On 22 April 2015, the Transitional Council in the Central African Republic (CAR) adopted a law by majority to set up a hybrid judicial mechanism (a "Special Criminal Court" (SCC)) within its national judicial system to investigate and prosecute individuals responsible for war crimes and crimes against humanity in its territory since 2003. But while this development undoubtedly represents a step forward towards justice for victims at a time of transition, it is certainly not the first accountability attempt for such crimes given that the International Criminal Court (ICC) has already opened investigations in the country. And the question a lot of international observers may be asking is: does this SCC undermine the already-operating ICC in CAR or, rather, reinforce its efforts at the national level?
The newly-adopted law was welcomed by several human rights organizations and follows recent and concrete steps in the wider fight against impunity in CAR. For instance, it happened a year after the creation by Presidential decree in April 2014 of a Special Investigative Cell (CSEI) to investigate serious human rights violations in the country. And it followed as well the December 2014 recommendation of the International Commission of Inquiry on CAR (set up by the UN Security Council in 2013 to investigate international human rights and humanitarian laws violation and abuses since 1 January 2013) to establish an accountability mechanism in the form of a "fully international tribunal" or else risk the situation in CAR to "spiral into genocide". Two of its Commissioners, Fatimata M'Baye of Mauritania and Philip Alston of Australia, also announced then that a full list of perpetrators in the conflict would be submitted to the UN Secretary-General and potentially to other relevant agencies. Last but not least, as the CAR is a state party to the ICC, in February 2014, the Court's Prosecutor, Fatou Bensouda, announced the opening of a preliminary examination of crimes allegedly committed in the country since September 2012. After this, in May 2014, the CAR transitional government referred to the Prosecutor of the ICC the situation on its territory since 1 August 2012. This was the second referral received from the CAR after the December 2004 referral relating to the events of 2002-2003. Finally in September 2014, ICC Prosecutor announced she was opening a second investigation because there was a reasonable basis to believe that international crimes had been committed (by both the Seleka forces and the so-called Anti-balaka fighters) since 2012.
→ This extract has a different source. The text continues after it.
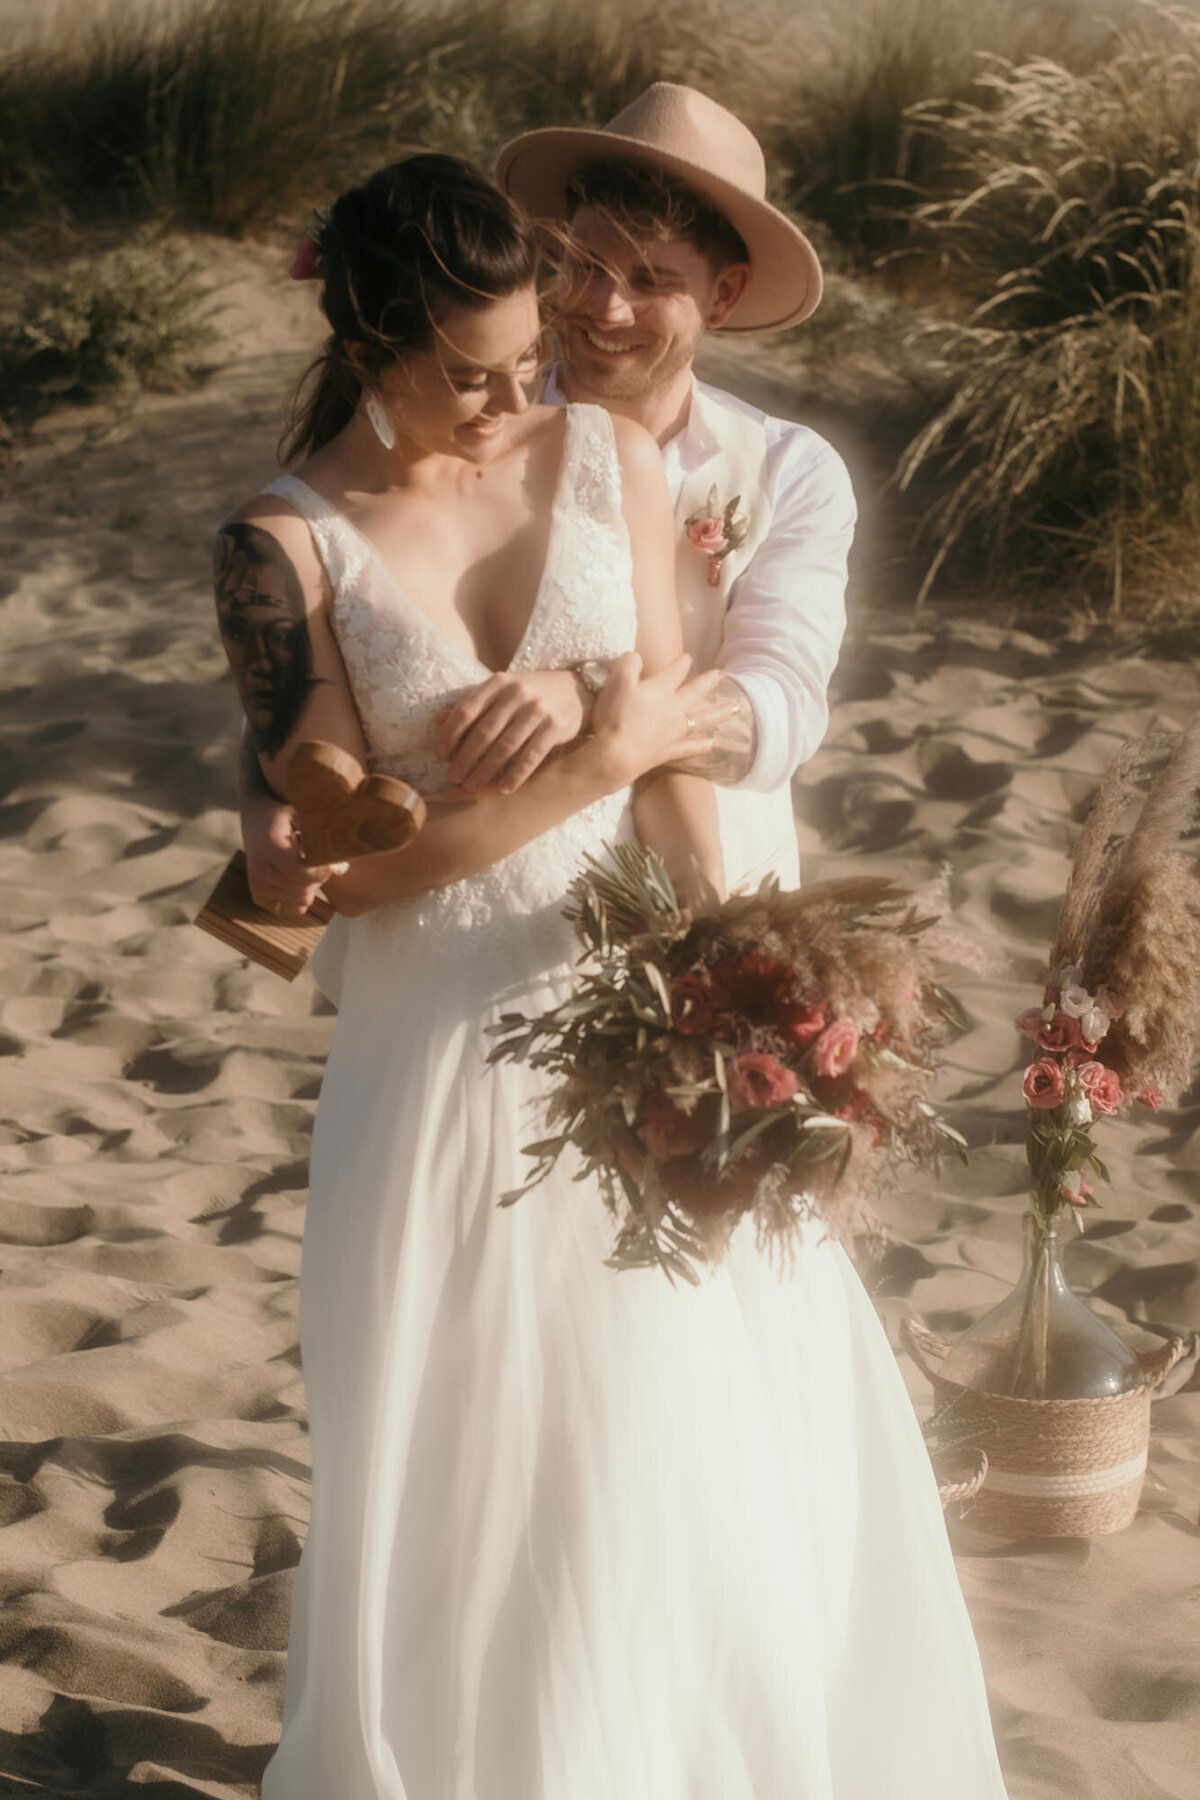 Nach der Trauung umarmt der Bräutigam seine Braut glücklich von hinten. Sie blickt zu Boden.

This new Special Criminal Court is therefore important mainly because the CAR government has the responsibility to provide justice to its citizens for the crimes committed since the 2003 coup d' état against president Ange-Félix Patassé, a time when the Constitution was suspended, the Parliament was dissolved, and massive human rights abuses were committed. The SCC is also important because, to date, the national judicial system has shown not to have the required capacity and expertise to investigate and prosecute the very complex crimes that took place in the country (including murder, looting and wide-scale burning of villages, extra-judicial executions, enforced disappearances, torture and arbitrary arrest and detention), and which, according to UN and FIDH estimates left nearly 190,000 asylum-seekers, 3,000 dead, thousands of wounded, hundreds of victims of sexual crimes and more than a million displaced persons. So, the SCC's creation shows the political willingness to put an end to the impunity that has reigned in the CAR for some decades now.
Specifically, the SCC will be integrated in the Central African judicial system for five years (and its mandate would then be renewable) and will apply the law and criminal procedure of the CAR. It will also focus exclusively on the most serious crimes.
Being a hybrid judicial mechanism, the SCC will be composed of both national and international judges, with the former being the majority (14). It will also have an international prosecutor but its president will be a Central African one. This model offers capacity building through the exchange of experiences between international and national experts that strengthens the national system of justice, deteriorated over the years due to the conflict the country has experienced. Aside from benefitting from the added human resources to undertake complex cases, the country would also likely benefit from material resources that would otherwise not be available for accountability efforts. Although it has not been yet disclosed how exactly the SCC will be funded, and this has often been a problem with most hybrid institutions.
In terms of what needs to happen next, the law establishing the SCC must now be enacted by the head of state of the transition. If, and when it does, the SCC will be set up in stages, meaning that the Office of the Special Prosecutor, the Chambre d'Instruction and the Chambre d'Accusation Spéciale will be established first, followed by the Trial Chamber and the Appeals Chamber.
The establishment of the SCC is unprecedented in recent years in that the world will now have a hybrid tribunal working in a country where the ICC has already opened investigations. A lot of things can go wrong with the SCC, including political interference through the way it has been established and will be staffed, inadequate funding, and competition for cases with the ICC. However, I am of the view that with proper national and international political and logistical support, a strong statute that provides the normative guarantees for its independence and for fair trials, clarity on the respective roles between the SCC and the ICC, the correct implementation of the complementarity principle under the Rome Statute, and useful cooperation between the two Courts, an interesting model may emerge. Perhaps even a model worth emulating elsewhere moving forward with an ICC already overstretched and several perpetrators of different ranks usually involved in the crimes under the ICC's jurisdiction. I believe that if these conditions are met, the ICC and the SCC can really complement each other and, in so doing, strengthen accountability for international crimes.
Thus, we, for the sake of victims, must all hope that the establishment of the Special Criminal Court really ends up increasing the opportunities for justice without prejudice to the competence of the ICC, as opposed to obstructing the efficiency of the existing ICC investigations and casting a doubt on the legitimacy of the domestic proceedings that may be open through the SCC.